Kulu, "Asıl olan herkesin bu tür saldırılara karşı ortak bir tavır göstermesidir. Hak ve doğru olan da budur. Bunun dışında hiçbir şey bu faşist zihniyeti durdurmaya yetmeyecektir. Bizi tanımayan, bir şekilde ölüm fermanımızı veren bir sistemin sofrasına oturmak da zulmü kabul etmek anlamına gelir. Bize düşen de bunu kabul etmemek, hakikatimizi ve inancımızı gelecek nesillere aktarmaktır" diye konuştu.
"TALEBİMİZ İNANCIMIZIN ANAYASAL GÜVENCEYE ALINMASIDIR"

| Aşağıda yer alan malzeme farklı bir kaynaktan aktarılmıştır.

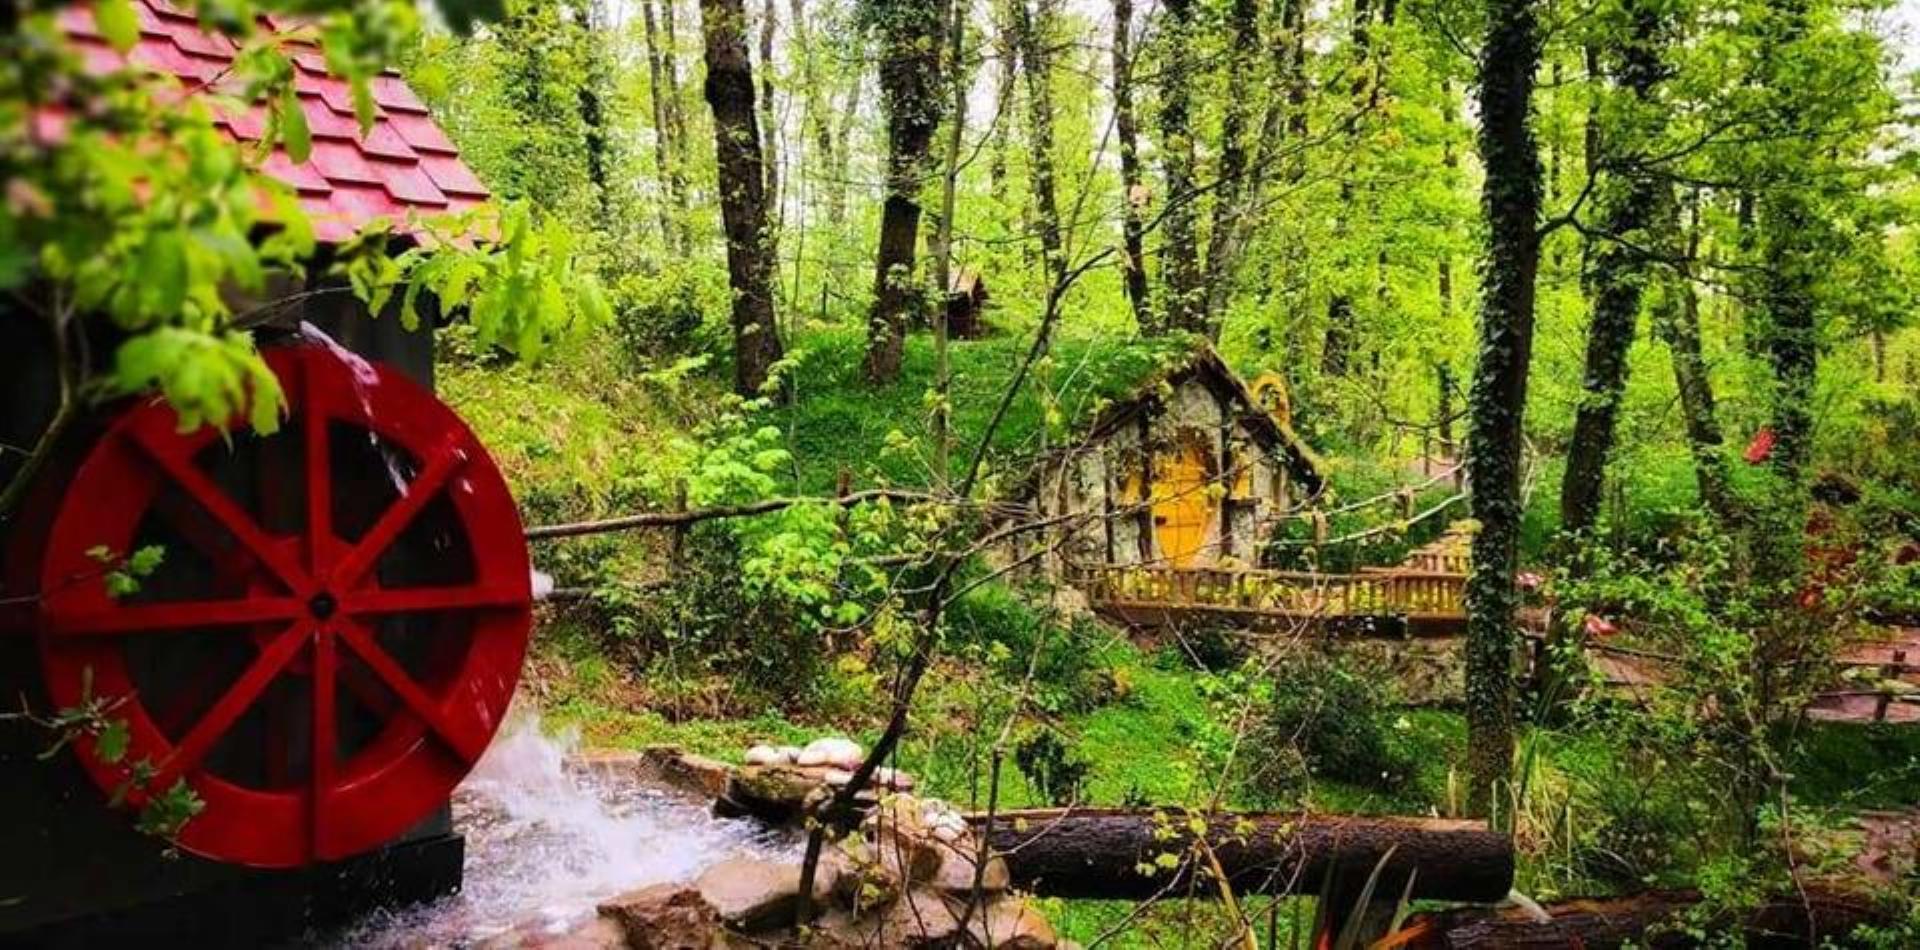 Maşukiye - Sapanca - Kartepe - Ormanya Turu

Kulu, değerlendirmesinin devamında şunları dile getirdi:
“Devlet Alevileri tanımıyor, Alevilerin kültürünü de inancını da kabul etmiyor. Türkiye’de 25 milyon Kürt ve Kürt Alevi yaşamaktadır. Talebimiz; inancımızın, dilimizin Anayasal güvenceye alınmasıdır. Anayasal güvenceye alınmadığı sürece bu imha, inkâr ve asimilasyon politikaları devam edecektir. Biz bu hakkı alana kadar da mücadelemizi sürdürmeye devam edeceğiz ve bundan da vazgeçmeyeceğiz.”
"ALEVİLİK SÜNNİ MOTİFLERLE DEFORME EDİLİYOR"
Erdoğan'ın Hüseyin Gazi Cemevi’ni ziyaret etmesinin tesadüf olmadığını söyleyen İsmail Ateş de "Alevilere yönelik saldırı, nefret söylemi, linç girişimleri son bulmayacak. Alevilik Sünni motiflerle deforme ediliyor. Alevi-Bektaşiler Muharrem’i böyle bir saldırı ile karşılarken, İmam Hüseyin'in Kerbela’da katledildiği Muharrem’de, AKP’li Cumhurbaşkanı Erdoğan bir cemevini ziyaret edecek ve orucunu burada açacakmış. AKP'nin hükümet ettiği dönem boyunca, Aleviliği asimile etme çalışmaları artarak devam etmiştir" ifadelerini kullandı.
"İBADET YERİMİZ, KABUL YERİMİZ DEĞİLDİR"
Erdoğan'ın ziyaretinin dört yöneticinin kabulüyle yapıldığına dikkati çeken Ateş, dernek ve vakıf yönetiminin büyük bir kısmının haberdar edilmediğini hatırlattı.
Ateş, devamında şunları söyledi:
"İbadet yerimiz, kabul yerimiz değildir. Ziyaret için makamlarımız var. Cemevleri, Alevilerin ibadethaneleri, kutsalıdır. Devlet yöneticilerinden randevu talep ettiğimizde bizleri camilerde mi misafir ediyorlar? Bırakın Cumhurbaşkanı’nı, Valiyi, Diyanet İşleri Başkanı’nı ziyaret etsek, bizleri haklı olarak makamında kabul edecekler. Neden Cemevlerimizi bu tür ziyaretlere alet ediyorlar? Cemevlerine 'cümbüş evi’ diyen AKP’li Cumhurbaşkanı değil miydi? Bu reva mıdır şimdi?"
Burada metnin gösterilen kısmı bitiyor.